Un ejemplo claro en Zamora lo tuvimos con los vecinos de
San José Obrero y sus manifestaciones públicas
por las calles de la ciudad. Ello en parte, como dice Vázquez
Montalbán en su libro Barcelonas, se debió
a que el “régimen franquista había dejado
ciertas válvulas de escape para la expresión
crítica como el fútbol o la política
municipal”. En muchos de esto movimientos se aglutinaban
dos malestares: uno el político, por la evidente
falta de libertades básicas, y otro contra el desarrollismo
salvaje y capitalista con el que se actuaba en las ciudades,
dejando a un lado las necesidades reales de la población.
En aquellos momentos el Régimen trató de encauzar
todos aquellos movimientos creando una Federación
en el año 1972, que acabó en un rotundo fracaso.
Viendo la situación actual, uno no deja de sentir
una nostálgica envidia de aquellos tiempos si se
compara con las múltiples asociaciones de vecinos
que tenemos en estos momentos y sus actuaciones públicas
en lo referente a la ciudad. Y no es que los problemas sean
menores sino todo lo contrario.
Según Urritia, 1992, “a partir de 1977, se
produce una crisis general en los movimientos sociales,
ya que se vacían de contenido, al canalizarse las
reivindicaciones sociales a través de los partidos
políticos y, se comienza a producir un trasvase de
dirigentes hacia las instituciones de la Administración
recién estrenadas en la democracia. Este abandono
hace que las organizaciones pasen por un cierto periodo
de desconcierto y de pérdida de objetivos, produciéndose
una disminución de su capacidad de movilización
y de crítica frente a las nuevas corporaciones democráticas.
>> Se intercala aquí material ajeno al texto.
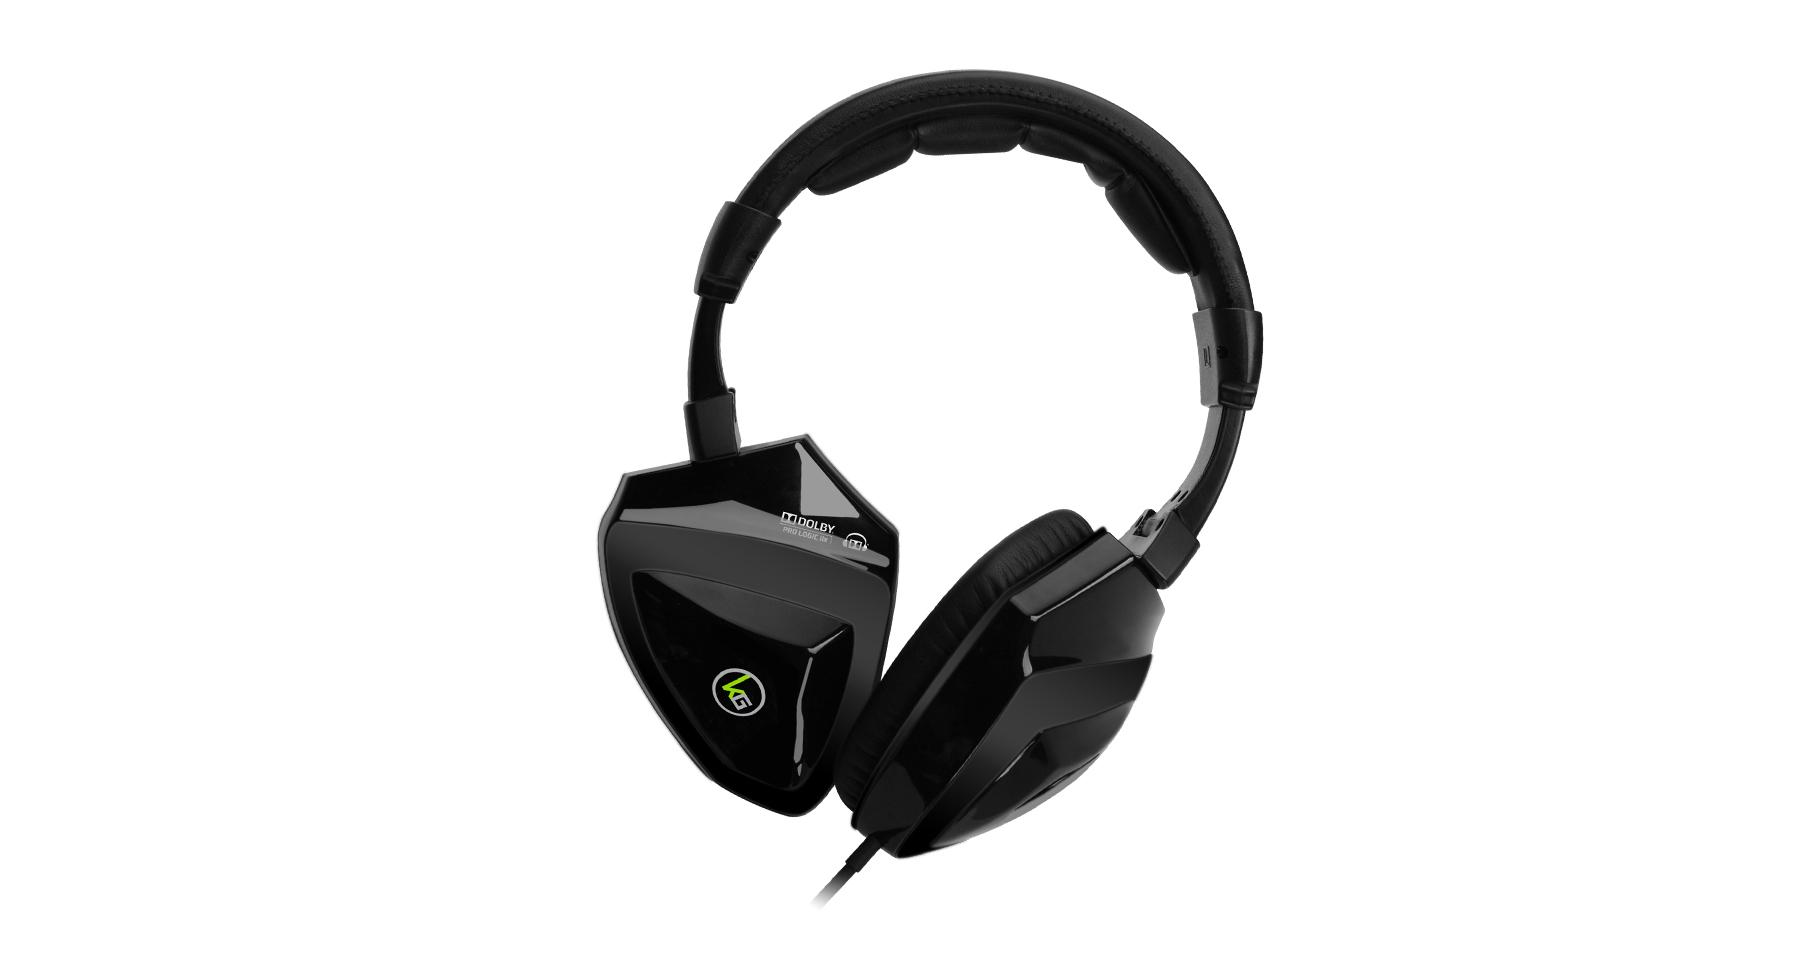 12e9a2f3340 IOGEAR - GHG700 - Kaliber Gaming™ SAGA Surround Sound Gaming Headphones

Se creía que “tomar” la Administración
produciría una mayor influencia en los asuntos públicos,
sin embargo, esta estrategia se muestra inadecuada ya que
las asociaciones pierden miembros valiosos y, a menudo,
este cambio “de bando” lleva consigo la ruptura
con la asociación”.
Los ciudadanos comienzan a sentirse representados por las
nuevas instituciones, especialmente a partir de la elección
de los primeros ayuntamientos democráticos; las organizaciones
progresivamente pierden el carácter de representación,
comienzan a ocupar un segundo plano, paulatinamente van
perdiendo miembros y se ven reducidas a meros “consultores”,
en el mejor de los casos. Sin duda, en este proceso, puede
no ser ajeno un cierto intento - consciente o no - del nuevo
Estado democrático de ocupar espacios que hasta ese
momento eran desempeñados por las asociaciones, como
un intento de lograr una mayor legitimación y representación
de los intereses colectivos según opinión
del Colectivo IOE, 1989.
Todo ello conlleva, que a partir de los 80 se debilita el
Asociacionismo en su carácter reivindicativo, “salvo
un intento de relanzar el asociacionismo que, con los movimientos
vecinales y los grupos tradicionalmente más activos
en crisis, se centra en el desarrollo de las organizaciones
más clásicas y menos problemáticas
y reivindicativas - ya que podían ser más
dóciles - centradas en el trabajo social. Se produce
así en este desierto asociativo un incremento del
llamado voluntariado social, en detrimento de otros movimientos
sociales más comprometidos. Es a través de
estas asociaciones - salvo excepciones con poca implantación
social - como se intenta fortalecer el tejido asociativo
y llevar a cabo acciones basadas en la solidaridad. La sociedad
civil se organiza, así en gran medida, a partir del
protagonismo de grandes organizaciones de poder que, jerarquizan
y condicionan la expansión de los movimientos sociales
y de pequeñas redes de intervención”
según Rodríguez Cabrero, 1991.
Esta nueva orientación produce una visión
reduccionista de la participación social. El ciudadano,
en estos momentos, ya se ha acostumbrado a la democracia
y considera, en líneas generales, que eso es suficiente
para canalizar sus inquietudes sociales y que ya cumple
con el voto que deposita en las sucesivas elecciones, sea
a nivel nacional, regional o municipal, a pesar de la baja
valoración ciudadana, vía encuestas de opinión,
que reciben los partidos políticos y la imagen del
político que existe en la actualidad. Con esta vicaría
política, estamos creando un ciudadano débil
frente a los problemas que nos rodean, del nivel que sean,
especialmente en el ámbito municipal, tan cercano
y sentido por todos. Por otra parte, en el mejor de los
casos, el ciudadano está dispuesto a la manifestación,
ya sea verbal, entre amigos, ya canalizada mediante algún
colectivo o convocatoria pero no al trabajo continuo, organizado
y con objetivos definidos. En el fondo hemos renunciado
al verdadero compromiso social que posiblemente lo ha desmantelado
el modelo de bienestar social que nos hemos dado.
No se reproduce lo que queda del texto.